Let Sleeping Dogs Lie Files: Tiger and His Stanford Regret

During Tiger's rebranding/Foundation 20th media tour, he understandably didn't have much to talk about given the state of his game. This unfortunately led to the strange comment of only having one regret: leaving Stanford with two years of eligibility remaining.

This opened the door for this analysis of the many reasons Woods had no choice but to flee Stanford. From GolfDigest.com's John Strege, who closely covered Tiger's junior and college career and said the comments "ring hollow".

1. The NCAA’s influence. It began when he was a high school sophomore and had accepted an offer of an honorary membership at Big Canyon Country Club in Newport Beach. The NCAA was concerned that Woods might be jeopardizing his college eligibility. The NCAA eventually ruled that that there was not a rules violation.
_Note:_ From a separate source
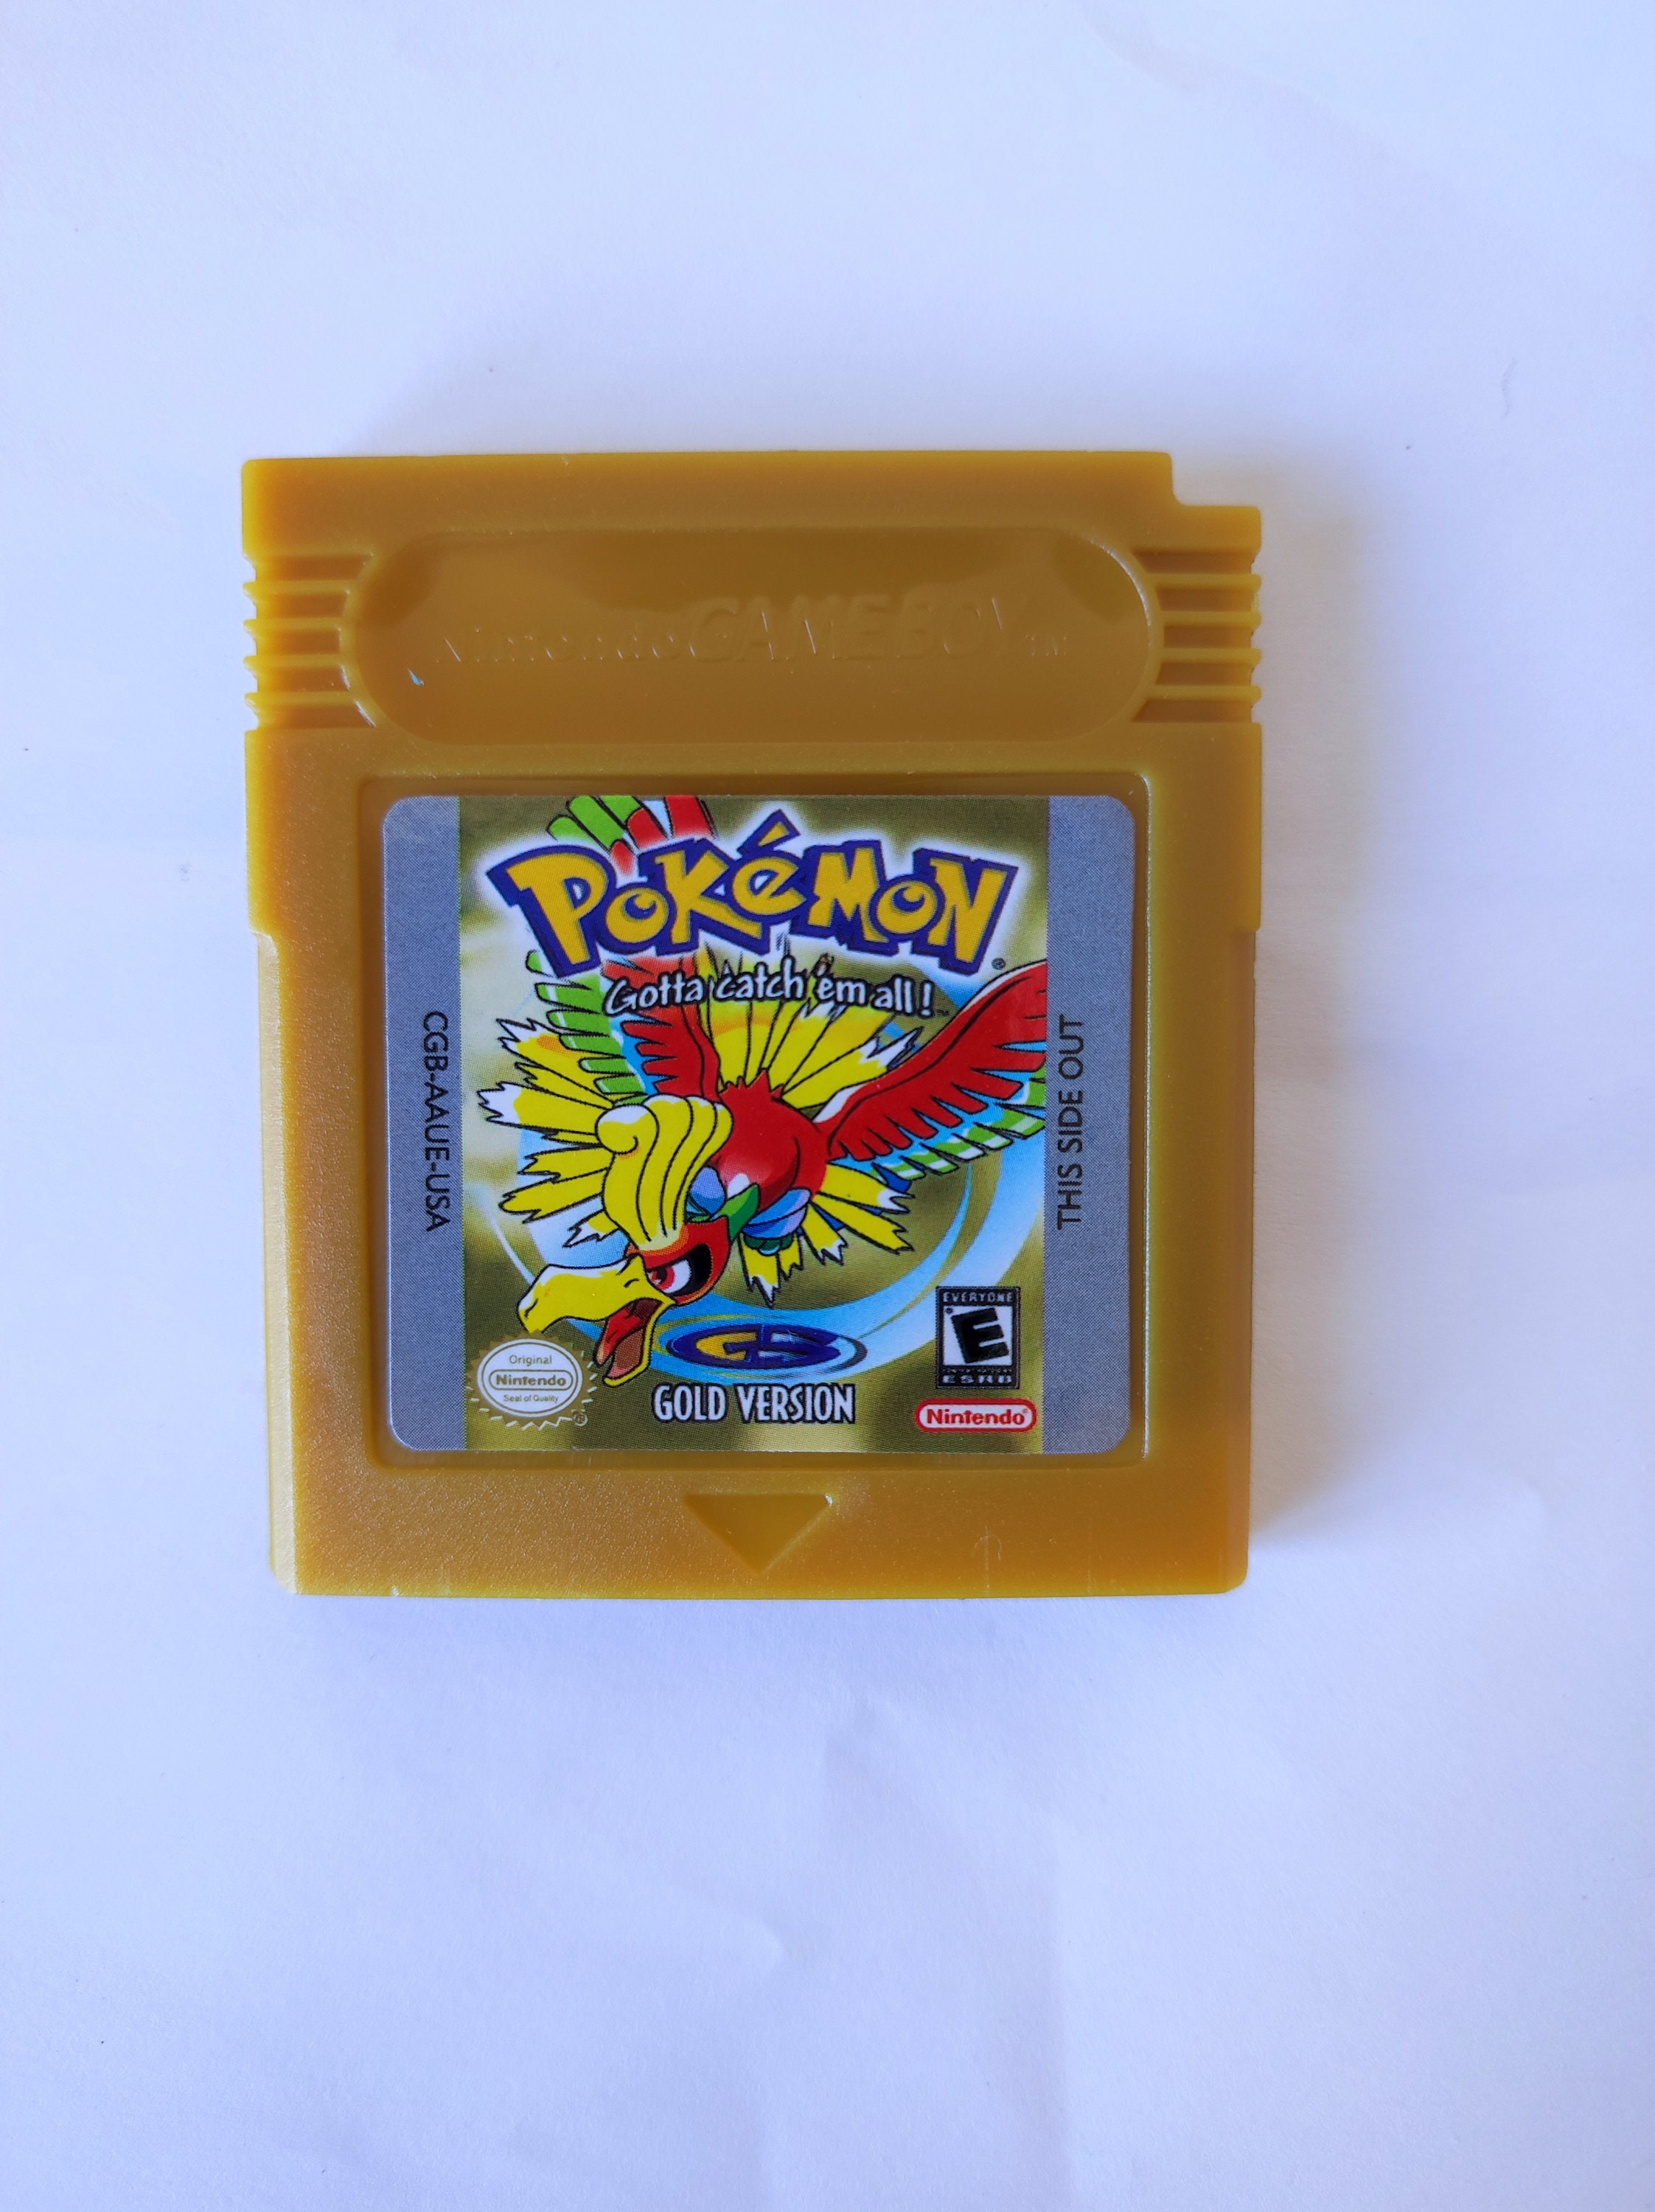 Nintendo Gameboy Color Pokemon Gold Version game Authentic Cartridge Vintage

Once Woods started at Stanford, several NCAA conflicts or potential conflicts arose, among them: Writing diaries for magazines from his first Masters appearance, warranting a one-day suspension; using, in the same Masters, balls and equipment not provided by the university in potential violation of rules. “If you look at this situation objectively,” his father Earl said, “this is the perfect opportunity for Tiger to say, ‘kiss my yin, yang’ and leave school.”

Woods also was suspended briefly for having lunch with Arnold Palmer at the Silverado Resort and allowing Palmer to pay for it. “I don’t need this. It’s annoying,” he said.
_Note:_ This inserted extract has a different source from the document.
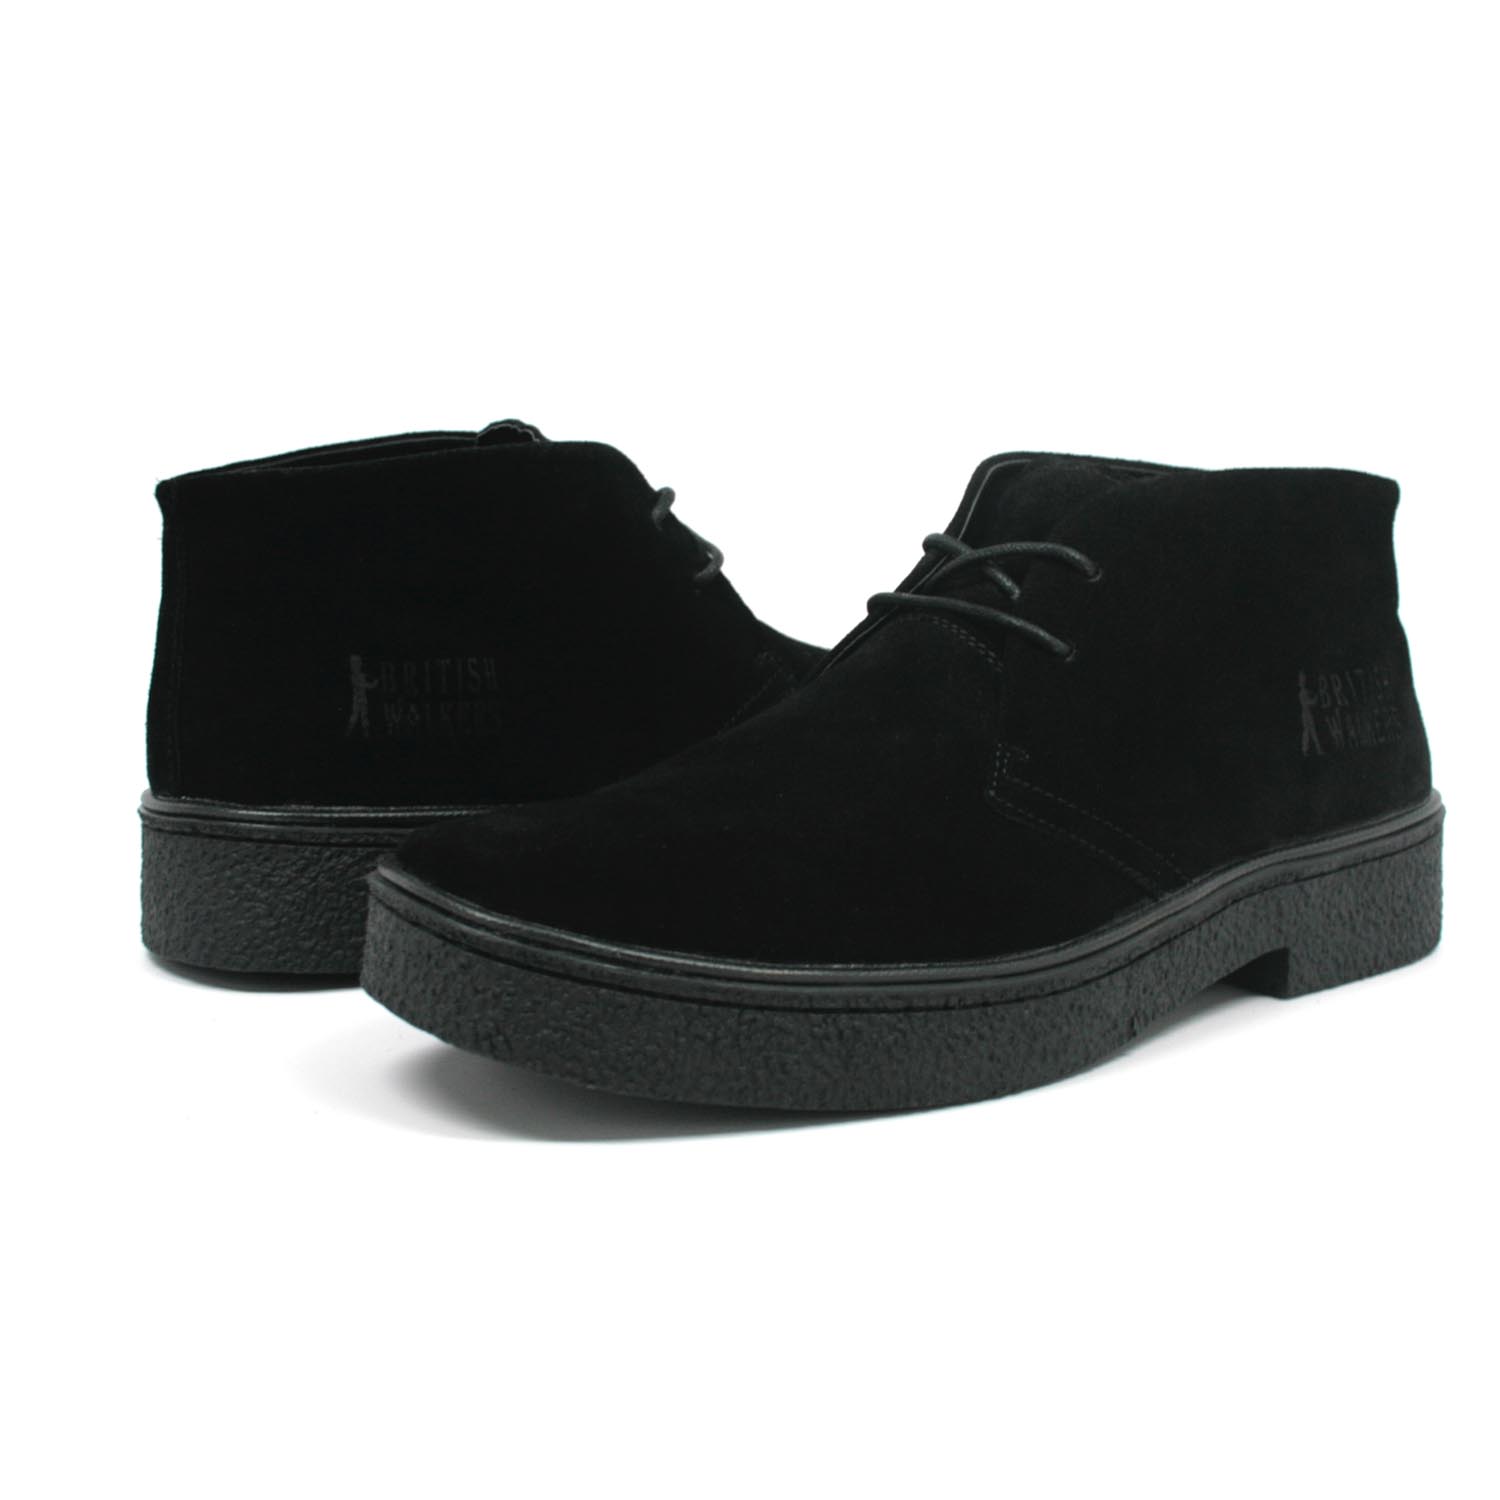 black chukka boots

Tiger was also mugged by someone who knew his name, reason enough for most of us to get out of Palo Alto!

The SI/golf.com gang kicked the topic around in this week's Tour Confidential and if you can handle the constantly wiggling web page, the discussion is interesting. From Gary Van Sickle:

VAN SICKLE: Tiger isn't delusional, he's utterly competitive. What's delusional is that he regrets leaving Stanford, where he was mugged at knifepoint on campus by someone who knew his name, and that he could've possibly remained eligible for NCAA or amateur golf after his first two years and all that went on. Other than that, it was close to the vest and, to be honest, kind of a snooze despite Rose's best efforts.